Is New Zealand failing its children?
Published on Tuesday, 13 October 2020
Last updated on Wednesday, 21 October 2020
Out of 41 EU and OECD countries, New Zealand ranks 35th in child wellbeing outcomes according to a UNICEF report card. In addition, New Zealand has the second highest obesity rate in the OECD, with more than 1 in 3 children that are obese or overweight. Meanwhile only 64.6 per cent of 15-year-old children in New Zealand have basic proficiency in reading and maths.
UNICEF New Zealand Executive Director Vivien Maidaborn said these figures showed New Zealand was failing its children.
“The Report Card gives New Zealand an F for failure when it comes to wellbeing outcomes for children,” she said.
“This is a woeful result for a country that prides itself on the great outdoors, academic achievement, and the international success of our sports teams. It is time to be alarmed and activated about the inequality of opportunity, health and wellbeing in NZ.”
New Zealand’s youth suicide rate is the second worst in the developed world at 14.9 deaths per 100,000 adolescents. This rate is more than twice the average among the 41 OECD countries surveyed (6.5 deaths per 100,000 adolescents). This report references the most recent and comparable data across 41 countries.
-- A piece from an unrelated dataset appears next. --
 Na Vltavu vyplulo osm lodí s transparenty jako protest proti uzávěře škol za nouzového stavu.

“New Zealand’s high suicide rate is influenced by a constellation of other factors, such as colonisation, the bias of teachers in schools which exclude children, socio-economic background, poverty, cultural influences and inequality,” says Ms Maidaborn.
The results in this report are the latest in a growing trend. Last year, UNICEF’s State of the World's Children report ranked New Zealand second worst in the OECD for child obesity. New Zealand also ranked 33rd of 38 for educational inequality across preschool, primary school and secondary school levels in UNICEF’s 2018 Report Card.
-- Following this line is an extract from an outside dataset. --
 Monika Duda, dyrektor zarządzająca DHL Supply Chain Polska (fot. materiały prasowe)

Ms Maidaborn said the statistics in the report should not be considered in isolation. “UNICEF is urging the government to listen carefully to the perspectives of children and young people, and to hear what they have to say about wellbeing. But, also, to do more than listen: to invest in the solutions and approaches that young people want. We need to reimagine Aotearoa by heeding the advice from child rights experts – and especially Māori leaders and academics – in order to make New Zealand the best country in the world to be a child.”
Ms Maidaborn also highlighted New Zealand’s long standing commitments to both UNDRIP (a declaration with a particular focus on the survival, dignity and wellbeing of indigenous peoples) and UNCROC (a convention aimed at protecting the rights of children). “Right now, New Zealand is failing in both commitments,” she said.
Based on indicators used in Report Card 16: Worlds of Influence child wellbeing, Chile, Bulgaria and the United States ranked as the worst places to be a child, while the Netherlands, Denmark and Norway ranked as the best.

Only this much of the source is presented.